"Le feste in spiaggia? Hanno fatto morire Marina di Ravenna"

«Mercatali racconta di avere creato lui il “modello Marina”? Io ricordo una storia diversa». La risposta all’intervista rilasciata al Corriere Romagna dall’ex senatore, sindaco di Ravenna dal 1997 al 2006, arriva da dietro al bancone del Bar Timone. Qui, Umberto Civenni, 63 anni da compiere, storico imprenditore del centro di Marina di Ravenna che ha ereditato dal babbo il bar affacciato sul bacino pescherecci, divenuto simbolo della località, interviene sul dibattito dello scontro spiaggia-movida, che infiamma – con specifiche variabili – tutta la Riviera. Dà fondo alla propria memoria e torna ragazzo, nei primi anni Novanta, quando, assicura «Marina era già viva». Il suo sillogismo è categorico: «Non sono stati i bagni a portare gente, concedere le aperture serali ha fatto morire il centro».

Civenni, il “Modello Marina” di cui parla Mercatali è quello degli happy hour e delle feste in spiaggia. Ne parla come una rivoluzione. C’è un rovescio della medaglia per lei?

«Gli stabilimenti aperti fino a mezzanotte sono stati la ghigliottina del centro. Di sera non si è più visto nessuno se non ubriachi e residui della gente dalla spiaggia. Il paese è crollato, l’indotto che c’era prima è sparito».

Un richiamo turistico pagato a caro prezzo?

«Marina era già in voga prima degli interventi di Mercatali. La prima rivoluzione la fece il Santafé, nel ‘91, si entrava senza pagare, con la consumazione. Quello è stato il primo grande richiamo che ha portato gente. Me lo ricordo bene io, che quegli anni li ho vissuti sia come imprenditore che come cliente della movida. C’erano quattro discoteche, altrettanti pub, ristoranti aperti tutta la notte, in centro non potevi chiudere prima dell’una o delle due, c’era la fila al Matilda fino alle 3».

Come se la passavano invece i gestori degli stabilimenti all’epoca?

«Al tramonto dovevano chiudere. Alcuni soffrivano, è vero, altri lavoravano e andavano bene. C’era un equilibrio. E mi fa arrabbiare che passi il messaggio che Marina sia rinata grazie all’apertura indiscriminata degli stabilimenti. Era già viva prima».

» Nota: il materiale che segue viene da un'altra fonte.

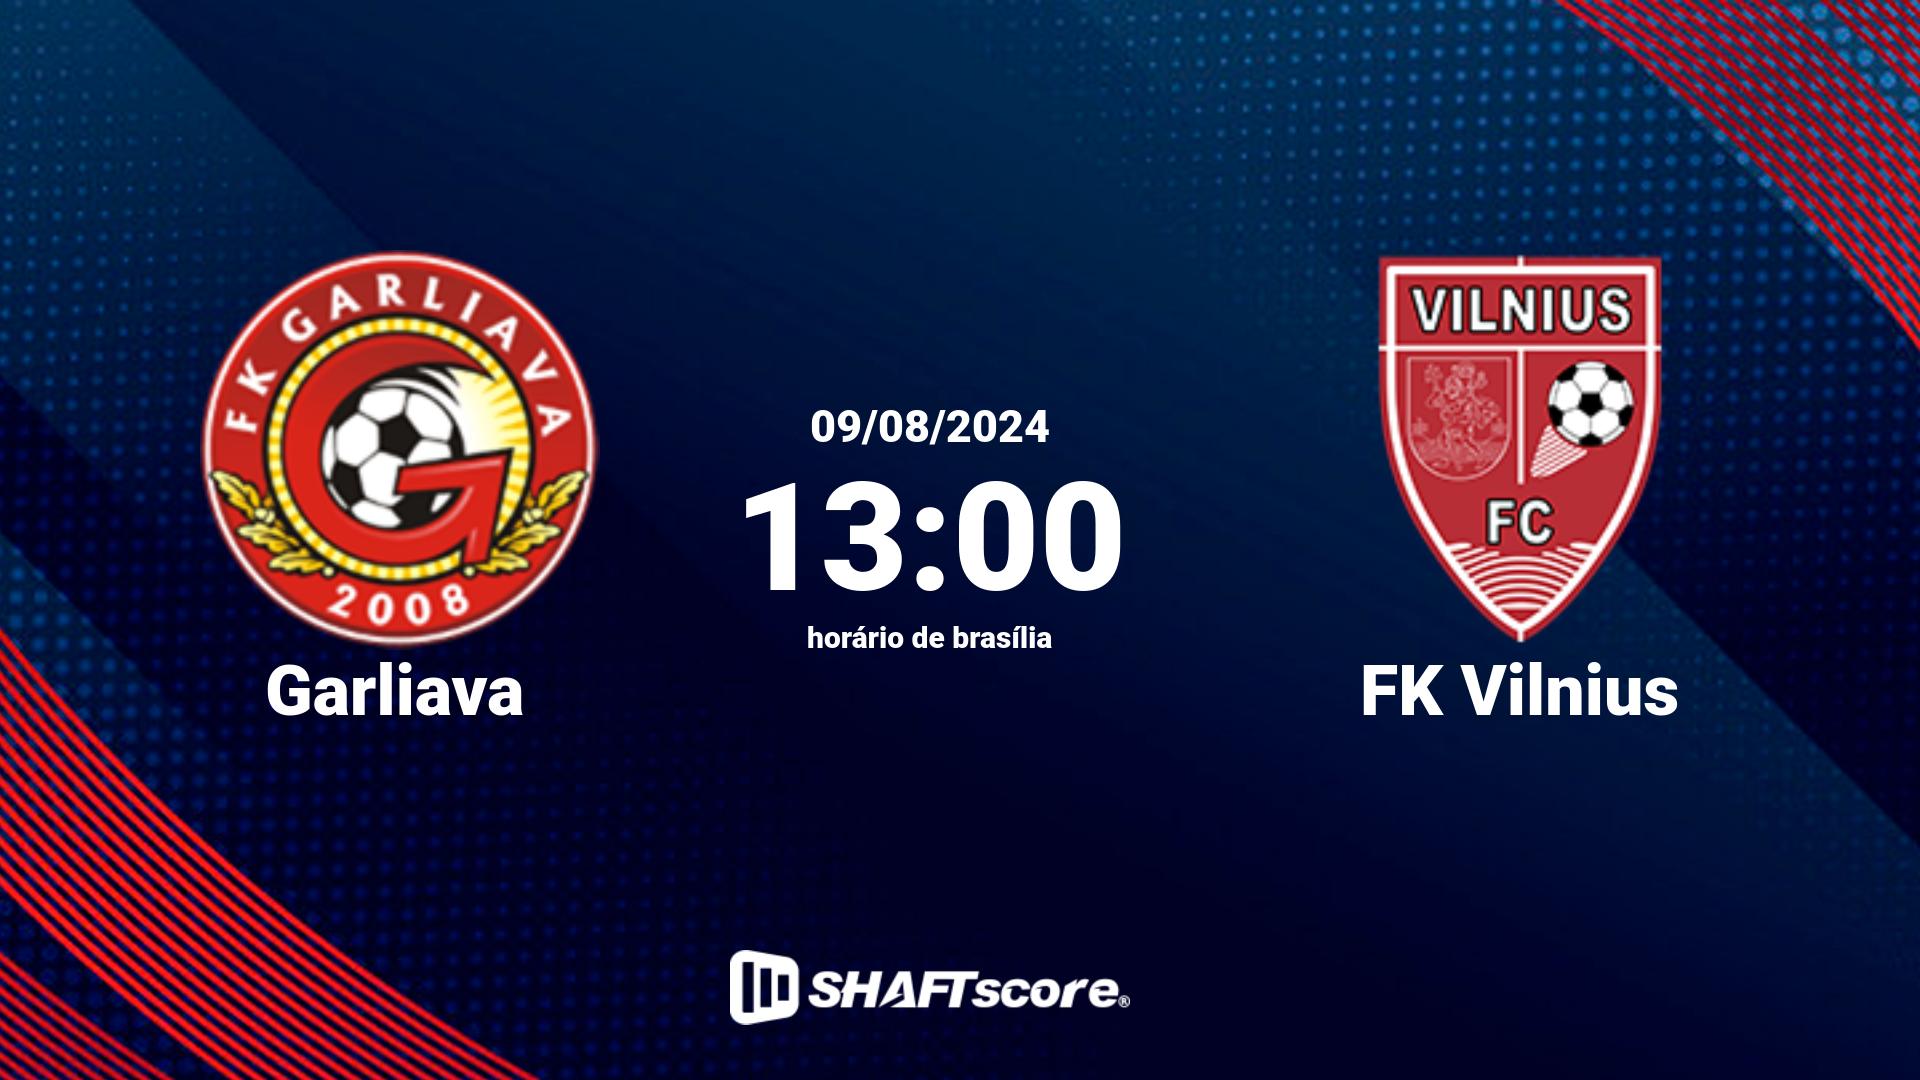 Estatísticas do jogo Garliava vs FK Vilnius 09.08 13:00

Tramontato quel modello, come vede oggi il futuro della località?

«Marina non si è più ripresa. E tornare indietro non si può più. Sono morte discoteche, pub e attività. Stavo leggendo l’intervista al sindaco De Pascale. Parla di interventi sui canoni demaniali, ma quest’anno sono aumentati ancora. La zona del porto è abbandonata, mentre altrove sarebbe la più valorizzata. Ci sono locali morti con canoni da 60mila euro che difficilmente invogliano imprenditori a investire qua».

Se non i turisti, chi è che vive il centro del paese?

«I ravennati per lo più, meno interessati alla confusione della spiaggia e chi è in cerca di un po’ di tranquillità. Ormai anche la ristorazione è tutta sull’arenile. Specie a mezzogiorno. Al punto che alcuni ristoratori del centro addirittura chiudono a pranzo».

Meglio allora la primavera dell’estate?

«Si lavorerebbe molto bene, ma veniamo dagli anni del covid e quest’anno la primavera praticamente non c’è stata».

Tutta colpa del “modello” di Mercatali?

«Mettiamoci pure anche la struttura di Marina: la spiaggia è qualcosa di distinto dal paese. Ma il Comune fa in modo che questa struttura privilegi solo gli stabilimenti. Lo stesso parcheggio scambiatore e il servizio navetto taglia fuori paese. Non ci sono mezzi pubblici per venire in centro e di fatto siamo tagliati fuori».